Studio album by Bushido
- Released: 19 February 2010
- Recorded: 2009–2010
- Genre: Hip hop, rap
- Label: ersguterjunge
- Producer: Bushido; Martin Stock; Beatzarre; Djorkaeff;

Bushido chronology
| Carlo Cokxxx Nutten 2 (2009) | Zeiten ändern dich (2010) | Berlins Most Wanted (2010) |

Singles from Zeiten ändern dich
- "Alles wird gut" Released: 5 February 2010; "Zeiten ändern dich" Released: 6 August 2010;

= Zeiten ändern dich (album) =

Zeiten ändern dich ("[The] Times Change You") is the seventh solo album by German rapper Bushido and also the soundtrack of his movie Zeiten ändern dich. The lead single "Alles wird gut" was released on 5 February 2010 and the second single "Zeiten ändern dich" on 6 August 2010.

Professional ratings
Review scores
| Source | Rating |
| AllMusic |  |
| laut.de |  |

==Track listing==

The limited deluxe edition features a second disc that contains all the instrumentals.

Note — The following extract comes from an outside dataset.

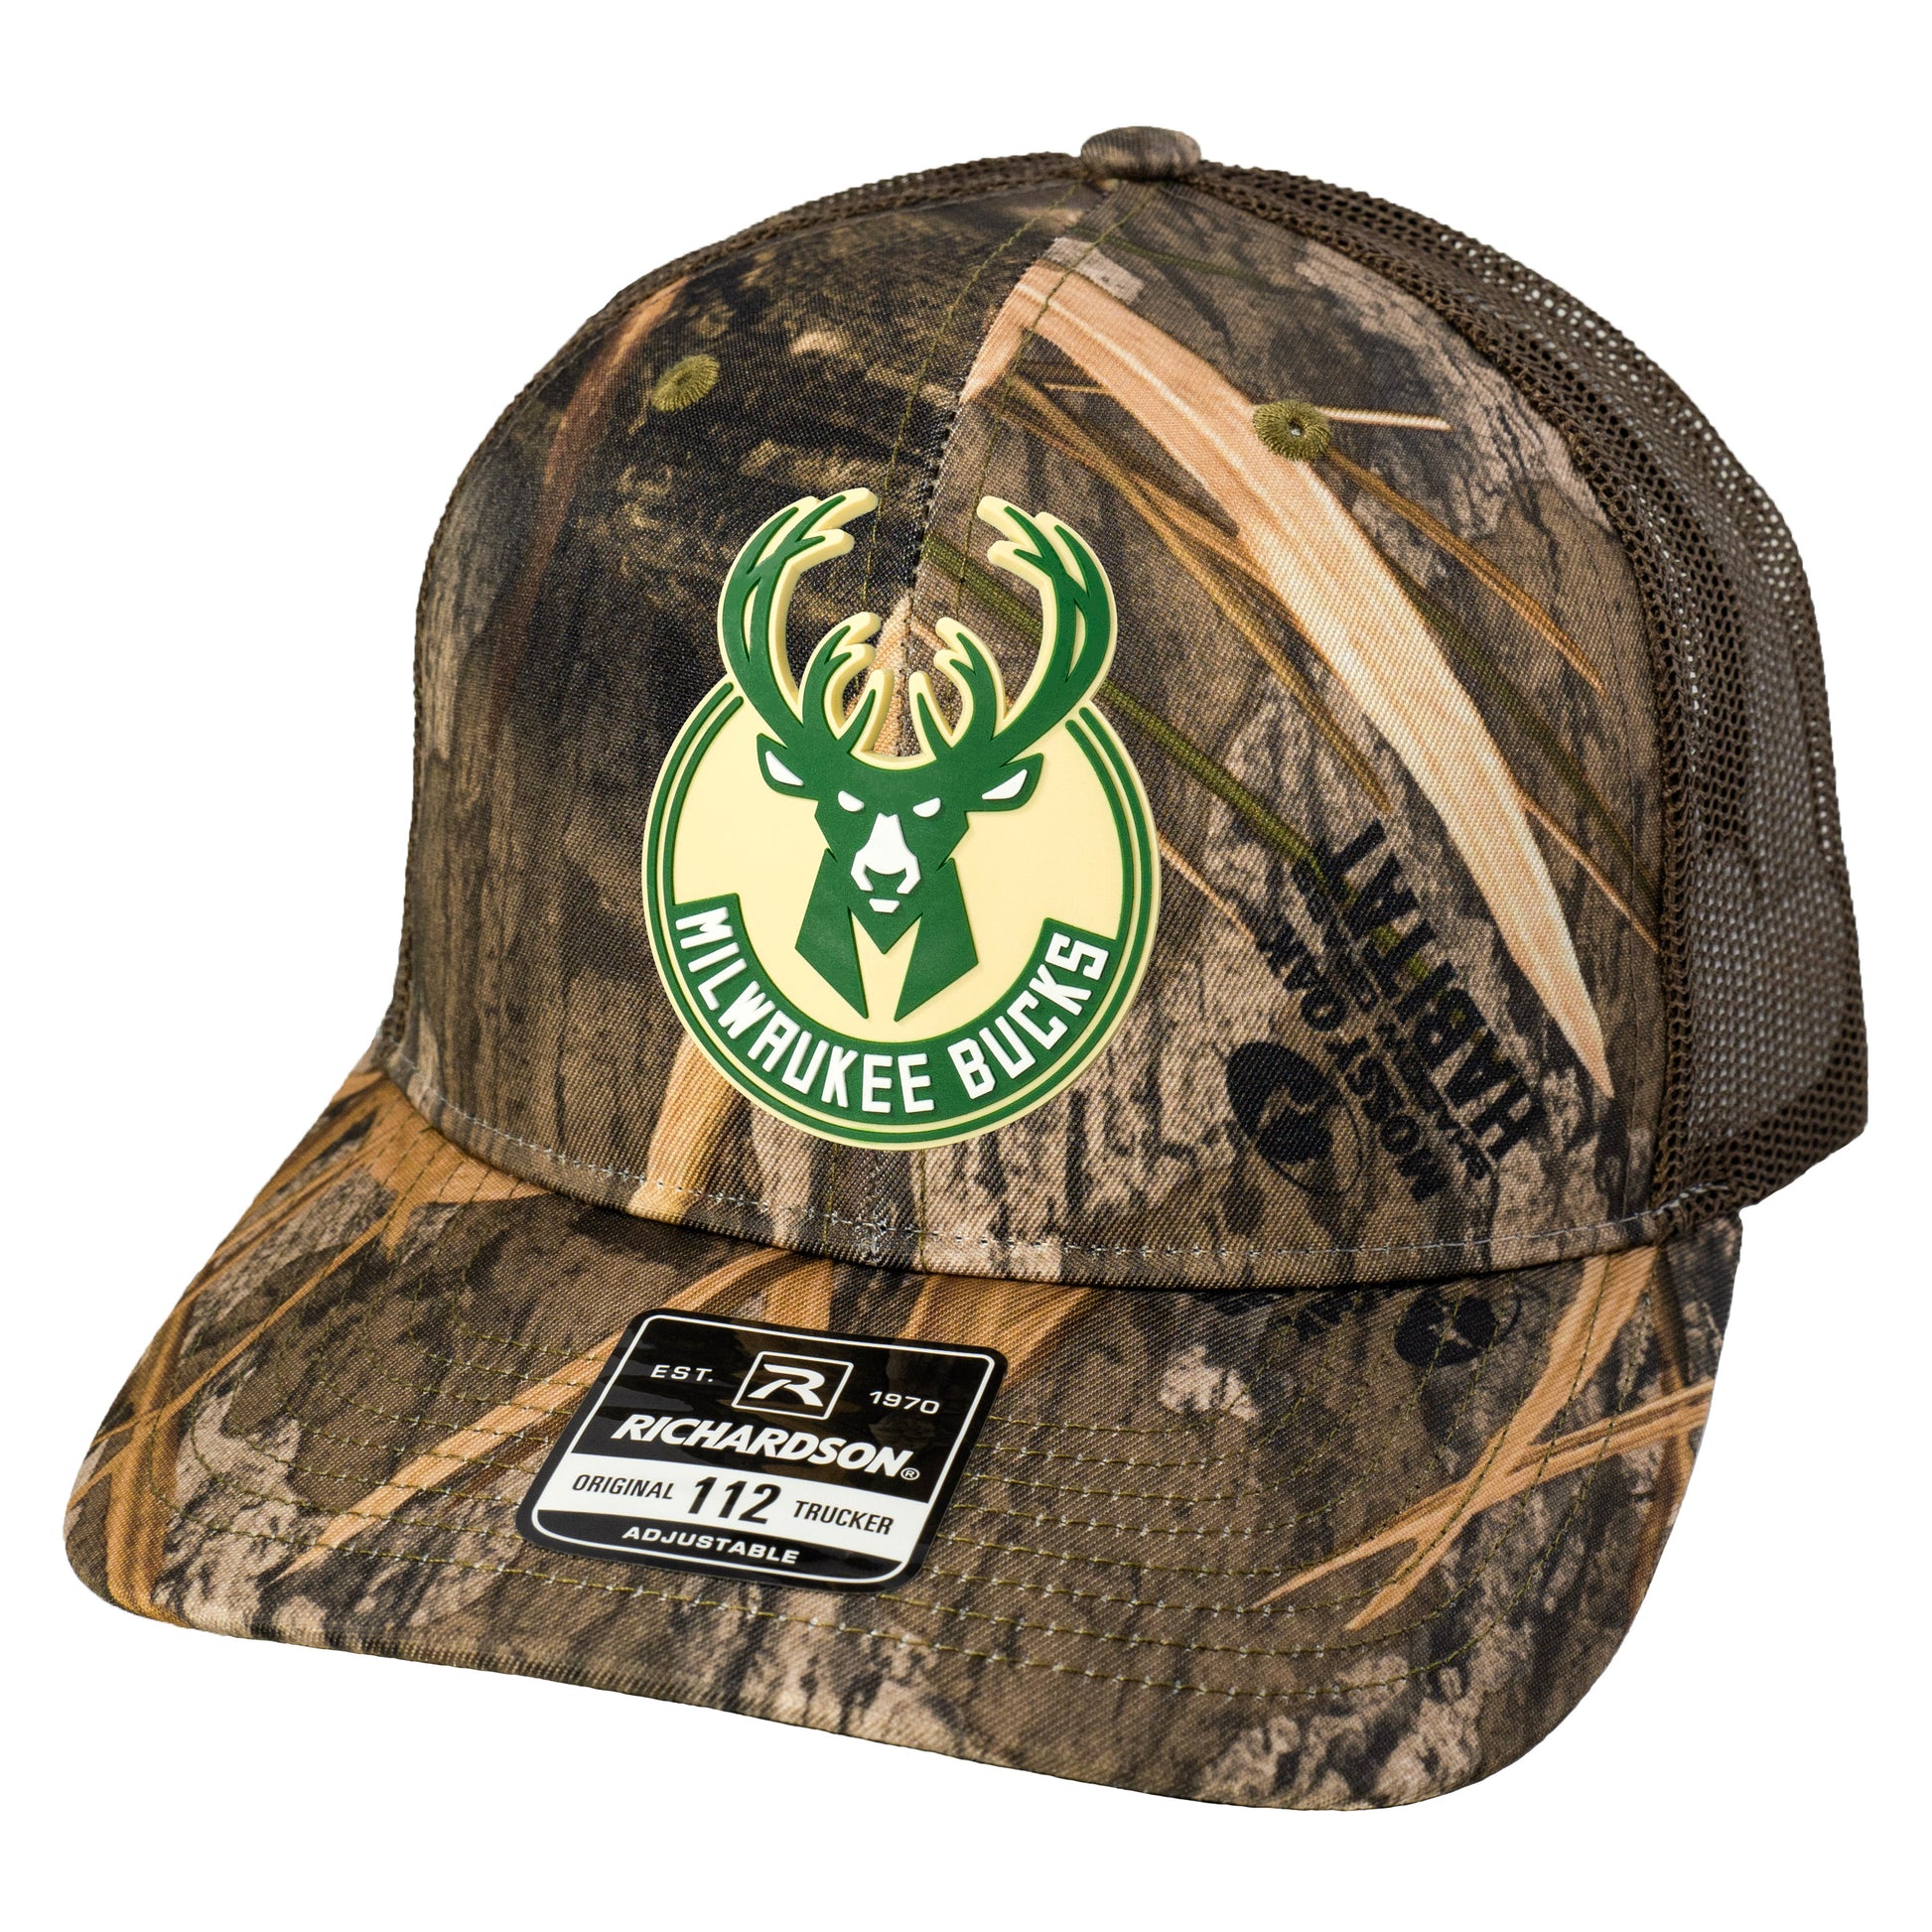 Milwaukee Bucks 3D Patterned Snapback Trucker Hat- Mossy Oak Habitat/ Brown - Ten Gallon Hat Co.

| No. | Title | Producer(s) | Length |
|---|---|---|---|
| 1. | "Intro" | Djorkaeff & Beatzarre | 2:03 |
| 2. | "Zeiten ändern dich" (Times change you) | Bushido & Martin Stock | 3:34 |
| 3. | "Ein Mann Armee" (One man army) | Bushido & Martin Stock | 3:42 |
| 4. | "23 Stunden Zelle" (23 hours cell) | Bushido & Martin Stock | 3:13 |
| 5. | "Lichtlein" (Little light) | Bushido & Martin Stock | 3:23 |
| 6. | "Airmax auf Beton" (Airmax on concrete) (featuring Fler) | Djorkaeff & Beatzarre | 3:39 |
| 7. | "Alles wird gut" (Everything will be alright) | Djorkaeff & Beatzarre | 3:38 |
| 8. | "Vergeben & Vergessen" (Forgive & forgotten) | Bushido & Martin Stock | 3:41 |
| 9. | "Ich lass dich gehen" (I let you go) | Bushido & Martin Stock | 3:26 |
| 10. | "Öffne uns die Tür" (Open the door for us) (featuring Kay One) | Bushido & Martin Stock | 3:34 |
| 11. | "Es tut mir Leid" (I'm sorry) | Bushido & Martin Stock | 3:40 |
| 12. | "Selina" | Bushido & Martin Stock | 3:39 |
| 13. | "Steh auf" (Get up) (featuring Glashaus) |  | 4:11 |
| 14. | "Nur für dich (Mama)" (Just for you (Mom)) | Bushido & Martin Stock | 3:14 |
| 15. | "Battle on the Rockz" (featuring Fler & Kay One) | Djorkaeff & Beatzarre | 3:38 |
| 16. | "Wegen eines Blatt Papiers (Outro)" (Because of a sheet of paper) | Bushido & Martin Stock | 3:20 |

Premium edition (DVD)
| No. | Title | Length |
|---|---|---|
| 1. | "Making of" |  |
| 2. | "Interview" |  |
| 3. | "Galerie" |  |
| 4. | "Alles wird gut" (video) |  |

Limited deluxe edition
| No. | Title | Producer(s) | Length |
|---|---|---|---|
| 17. | "Mit dem BMW" (With the BMW) (featuring Fler) |  | 3:37 |
| 18. | "Ich liebe dich" (I love you) (featuring Kay One) | Djorkaeff & Beatzarre | 4:03 |
| 19. | "Weg eines Kriegers" (Way of a warrior) (featuring Chakuza & Bizzy Montana) |  | 2:23 |

==Charts==

===Weekly charts===

| Chart (2010) | Peak position |
|---|---|
| Austrian Albums (Ö3 Austria) | 1 |
| German Albums (Offizielle Top 100) | 2 |
| Swiss Albums (Schweizer Hitparade) | 3 |

===Year-end charts===

| Chart (2010) | Position |
|---|---|
| Austrian Albums (Ö3 Austria) | 50 |
| German Albums (Offizielle Top 100) | 69 |

==Certifications==

| Region | Certification | Certified units/sales |
| Austria (IFPI Austria) | Gold | 10,000^{*} |
| Germany (BVMI) | Gold | 100,000^{^} |
^{*} Sales figures based on certification alone. ^{^} Shipments figures based on certification alone.